Often, the role they played was lip service, a thousand free T-shirts and water bottles at the gate, and a lucky draw for one family to come back next week for free.

It was well-meaning, but patronising, and did precious little to actually mobilise the talent that has slipped through so many sporting bodies’ hands.

There have been many empty promises made in the past, too. 

Go and ask Makhaya Ntini about the high-profile brands that promised him all manner of assistance for the construction of his academy, but slipped away once the cameras had been switched off.

Now, however, there seems to be infinitely better cohesion. The cricket hubs that have mushroomed all around the land have changed he game, and are making a tangible differences on young cricketing lives.

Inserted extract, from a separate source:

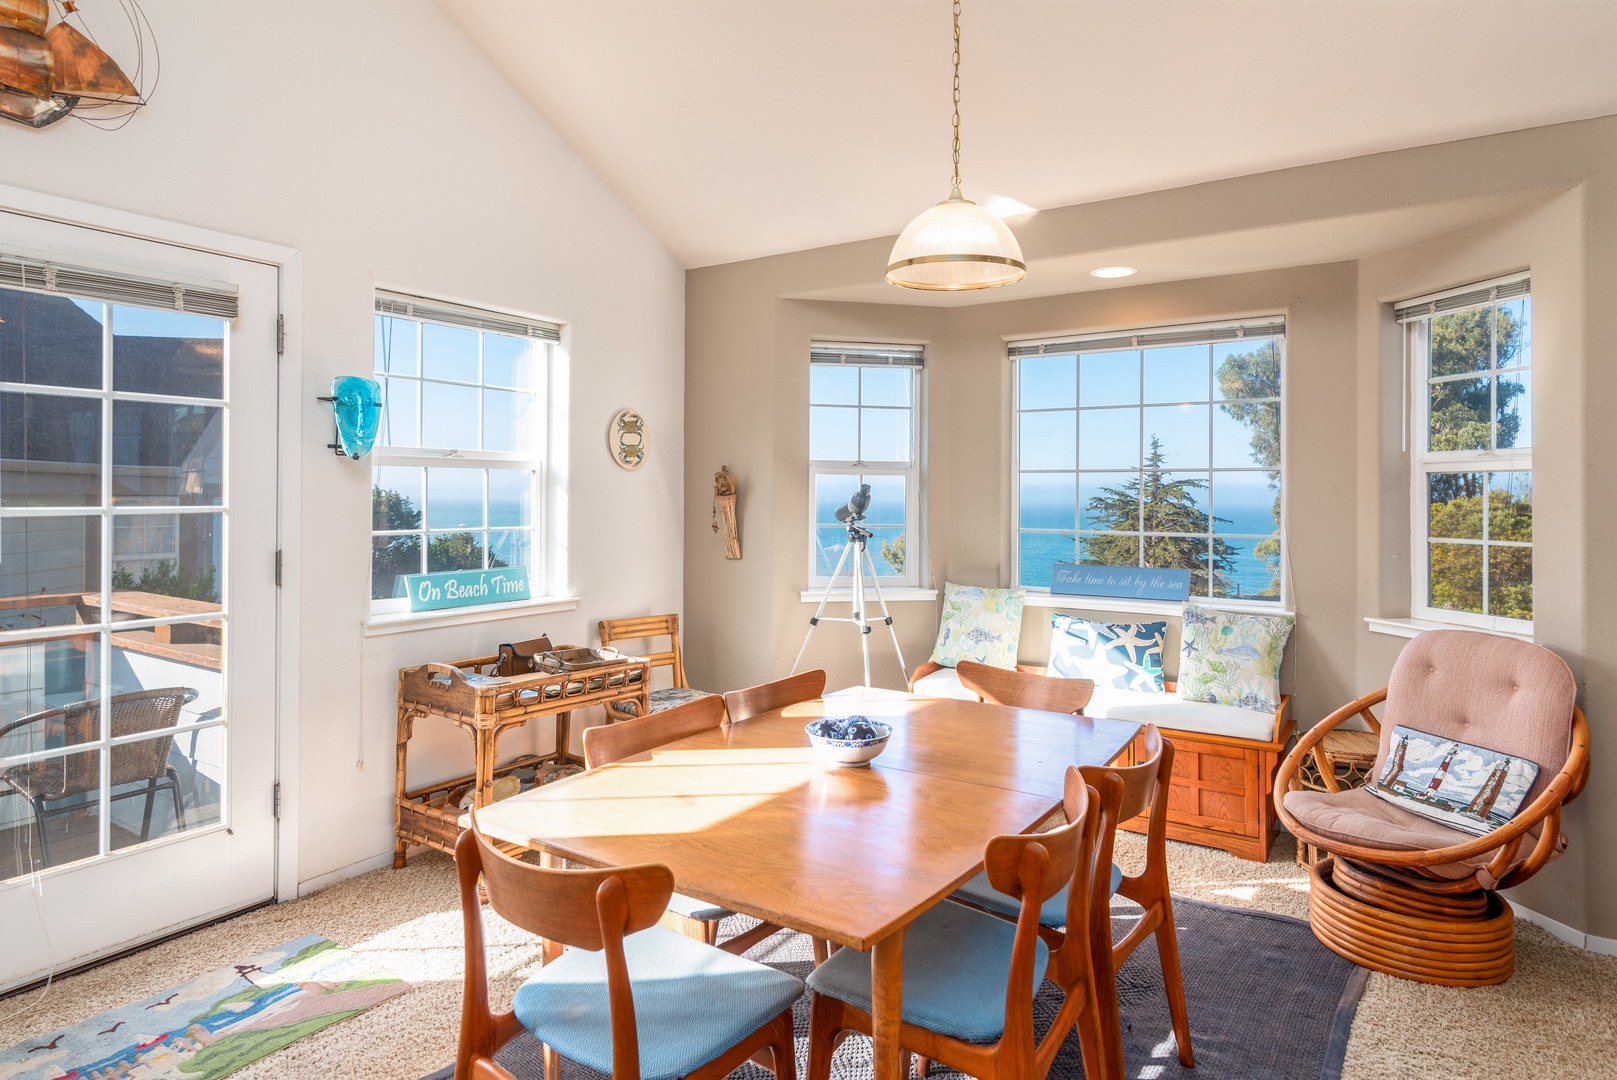 Dining table for 6 with ocean view

In team sports, cricket has led the race in that sense, and the results are starting to pop up in the lower age-groups.

The goal, of course, is to turn those provincial junior caps into future professional players, who have a fighting chance at representing their country.

That is transformation; literally changing a young boy’s stars, and putting him on a path that transforms not just his life, but those of the people that matter most to him.

It’s taken over two decades for the proper structures to be put in place, but African time is better than never.

Commend those corporates who have rolled up their sleeves, and committed to doing their bit and then some for cricket which, besides golf, is the most financially challenging sport to commit to.

It is those initiatives – and commitment to them – that will ensure that transformation evolves from being a source of division to being one of unity, pride and purpose.

You’d like to hope that other sporting codes are paying attention.